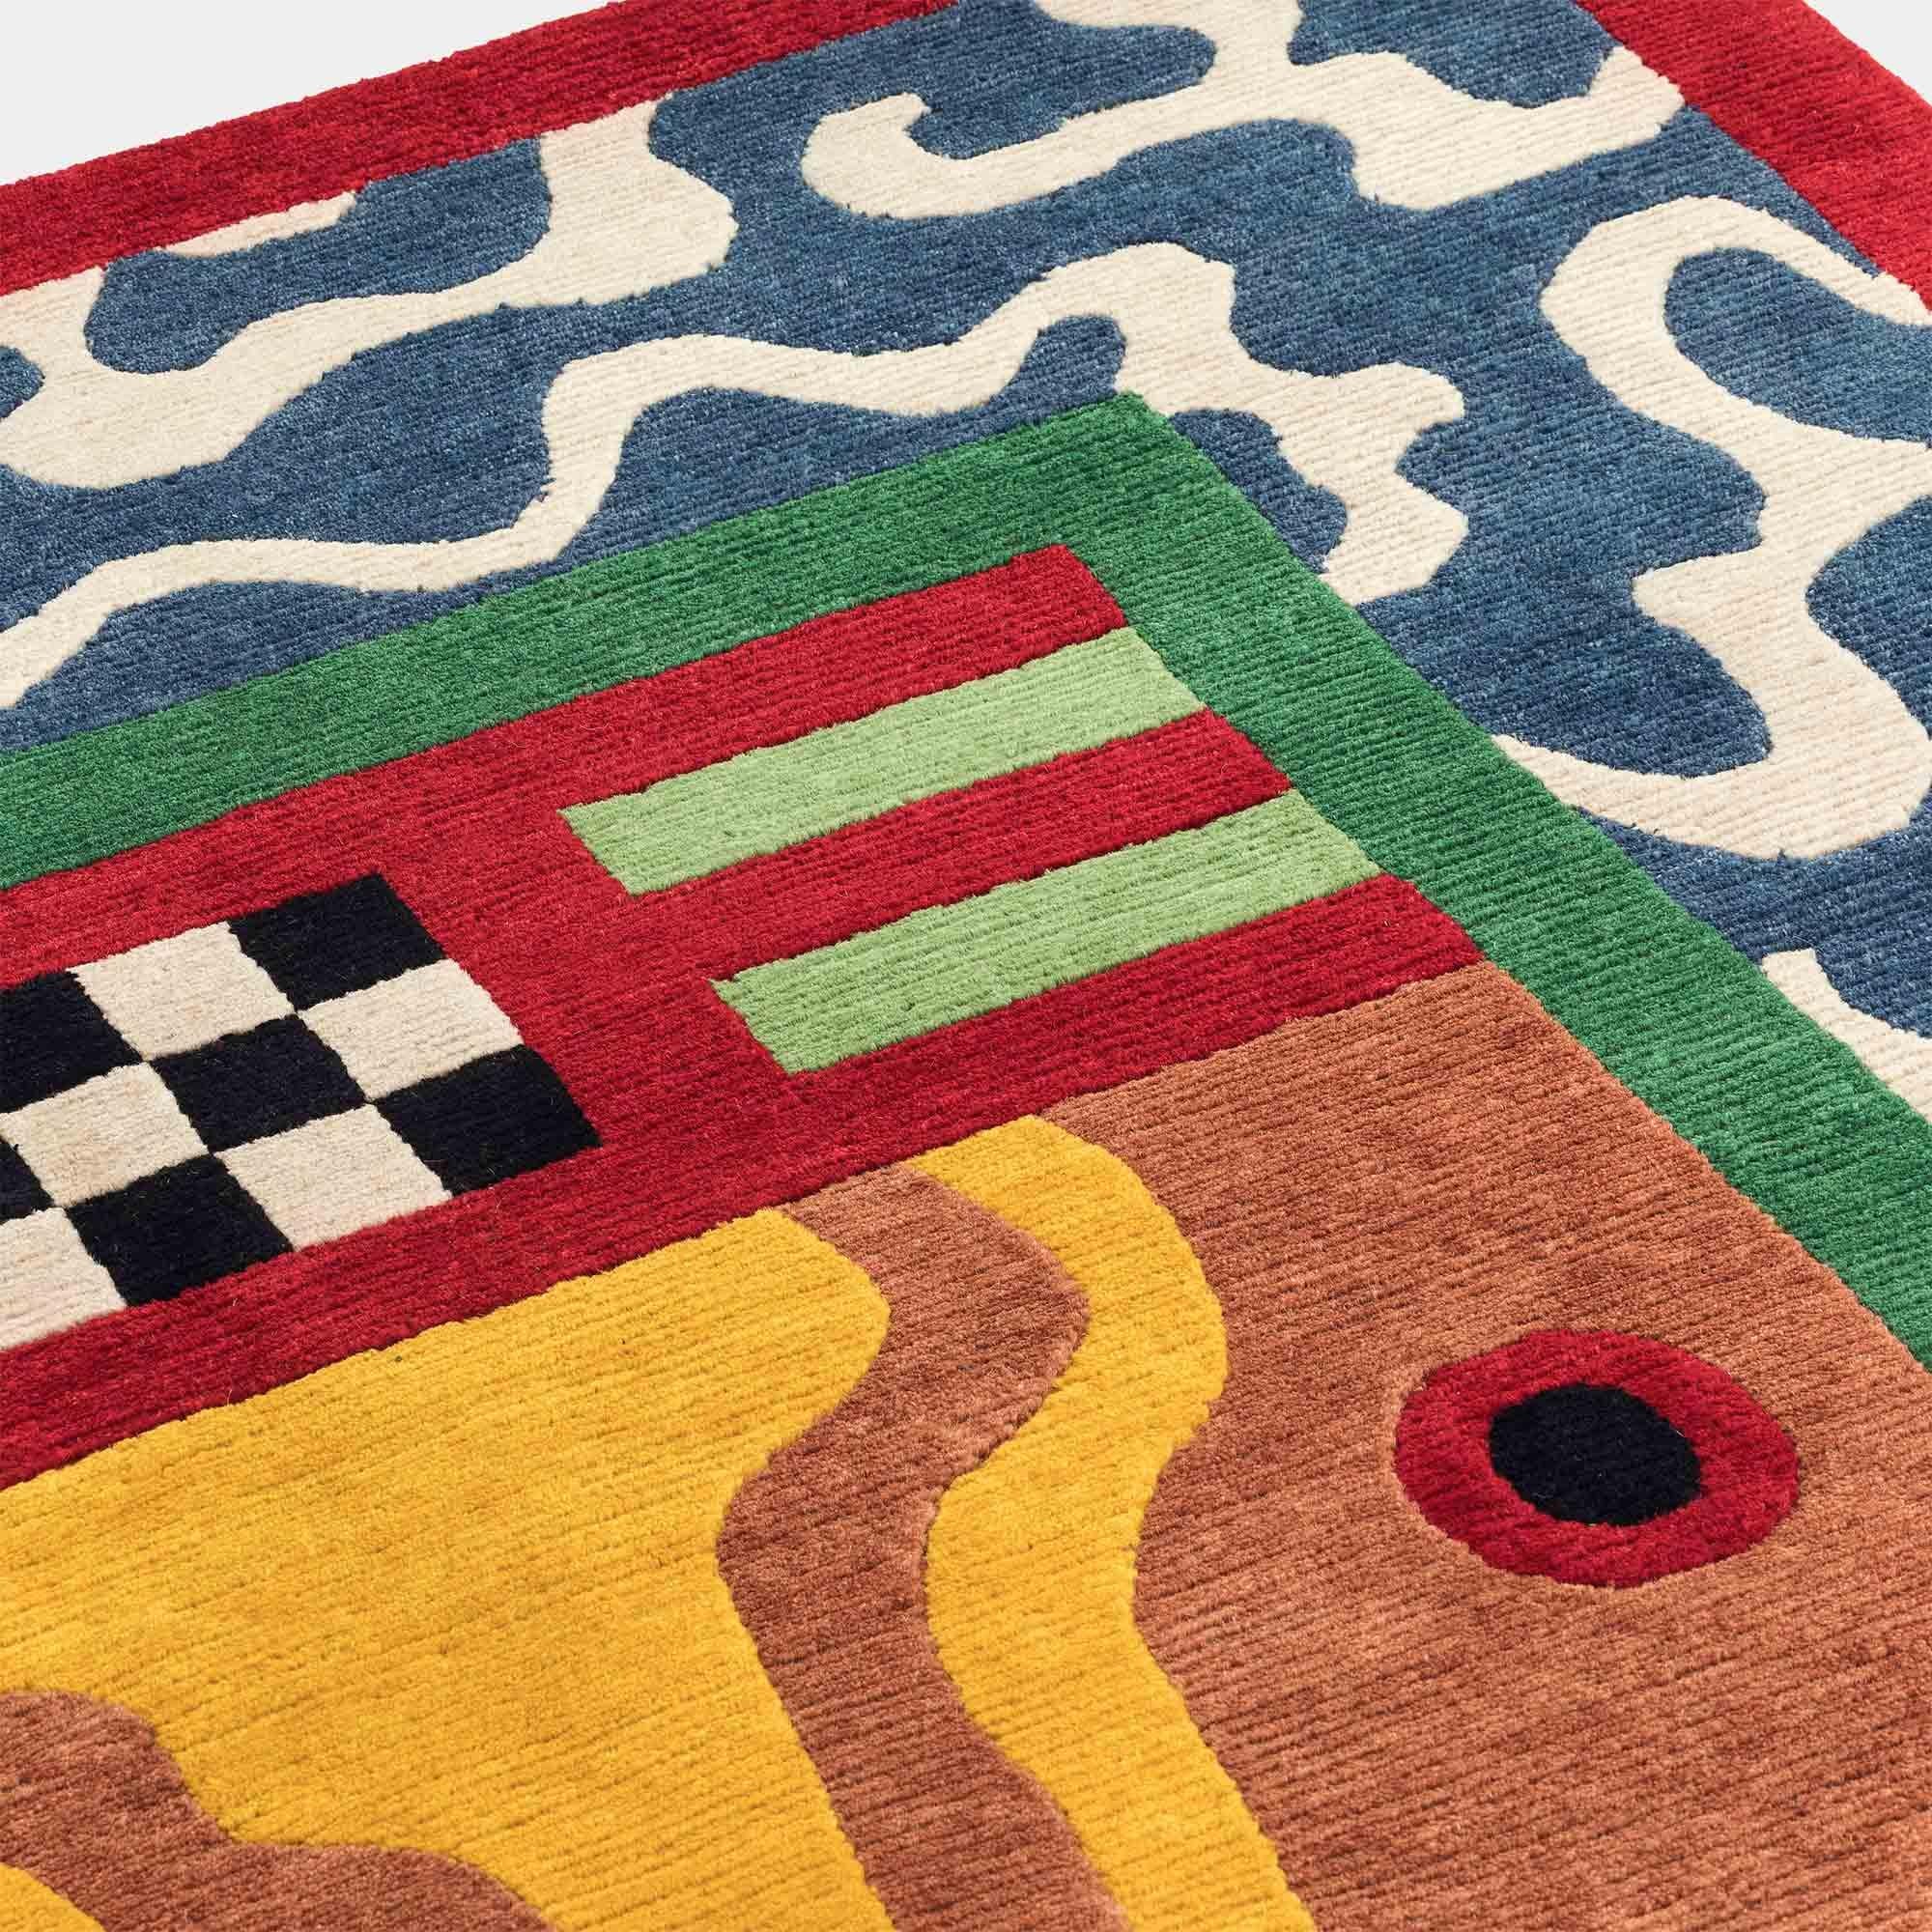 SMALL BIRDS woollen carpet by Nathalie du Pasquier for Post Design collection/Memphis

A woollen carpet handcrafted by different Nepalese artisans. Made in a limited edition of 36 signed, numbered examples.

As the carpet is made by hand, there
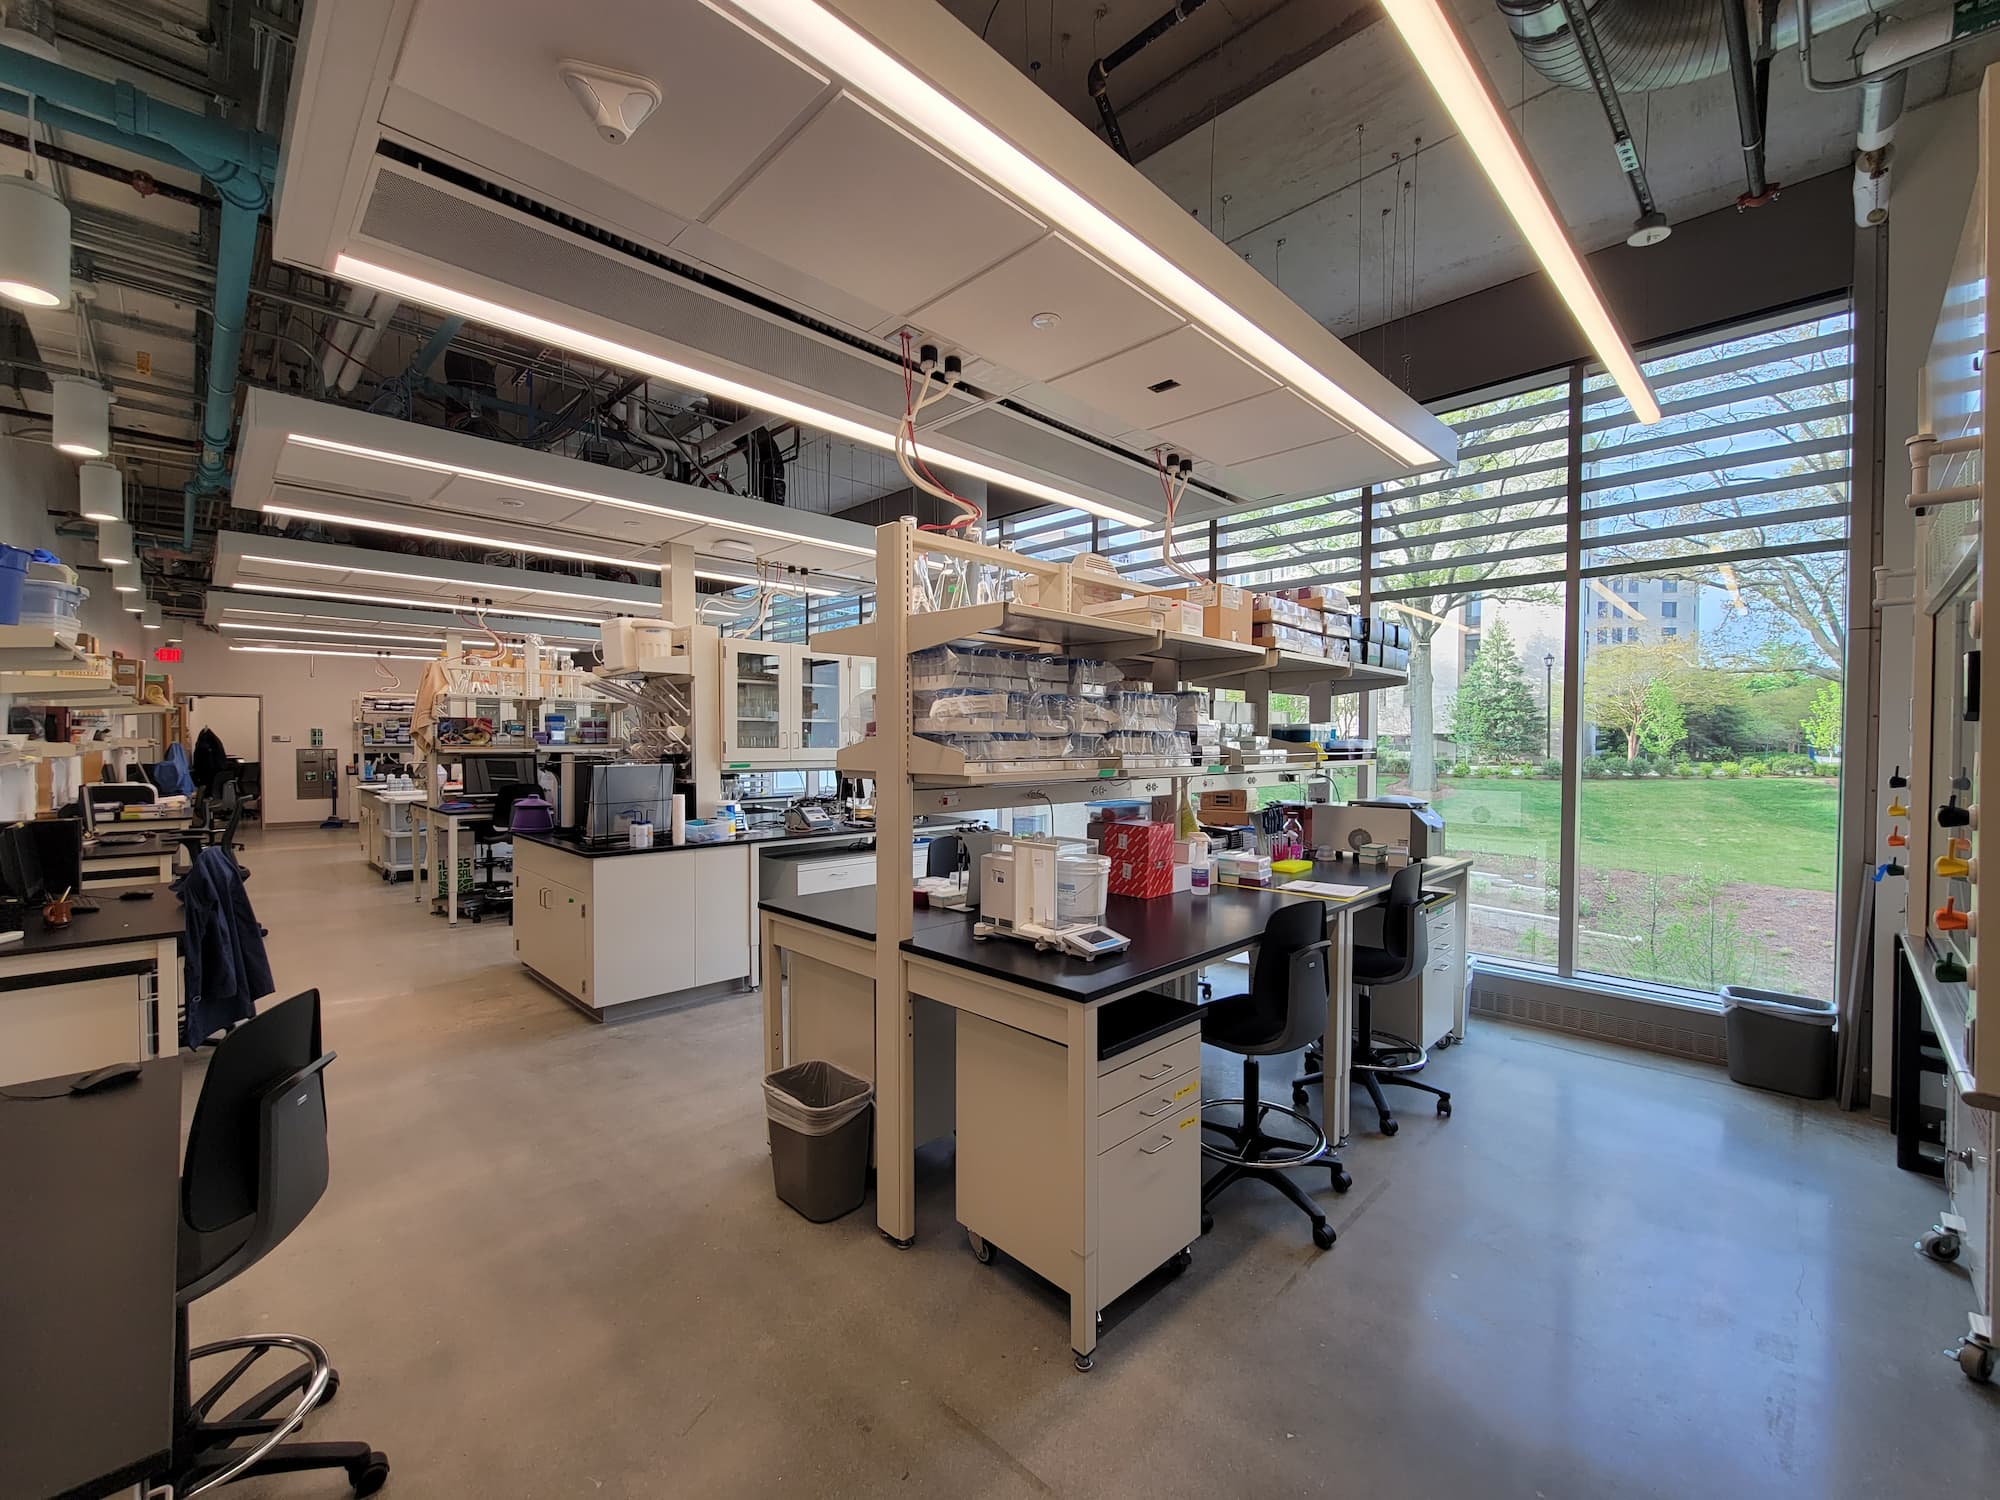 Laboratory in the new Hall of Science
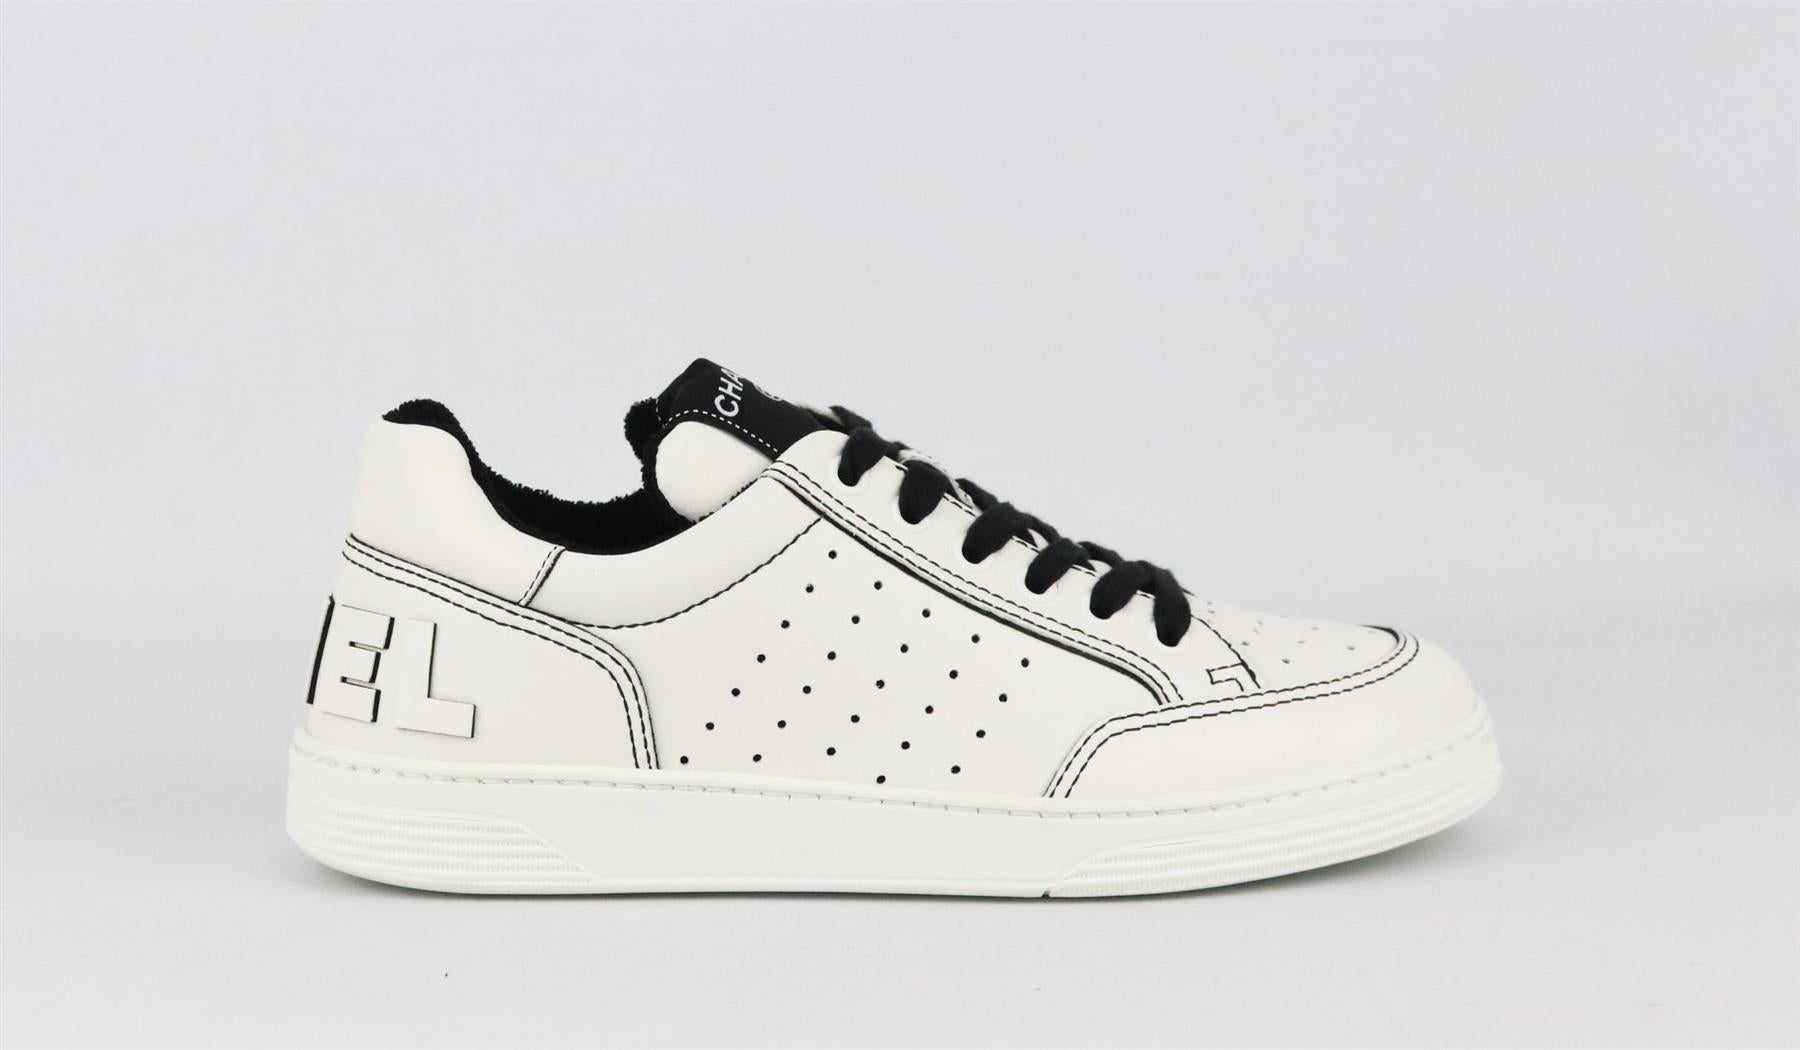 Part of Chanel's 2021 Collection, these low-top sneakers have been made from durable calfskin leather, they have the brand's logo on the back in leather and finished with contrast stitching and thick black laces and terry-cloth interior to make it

— EXERCISE GOAL —
The whole listing above needs to be copied exactly; please keep the pictures out.

— YOUR RESPONSE —
 SMALL BIRDS woollen carpet by Nathalie du Pasquier for Post Design collection/Memphis

A woollen carpet handcrafted by different Nepalese artisans. Made in a limited edition of 36 signed, numbered examples.

As the carpet is made by hand, there
 Laboratory in the new Hall of Science
 Part of Chanel's 2021 Collection, these low-top sneakers have been made from durable calfskin leather, they have the brand's logo on the back in leather and finished with contrast stitching and thick black laces and terry-cloth interior to make it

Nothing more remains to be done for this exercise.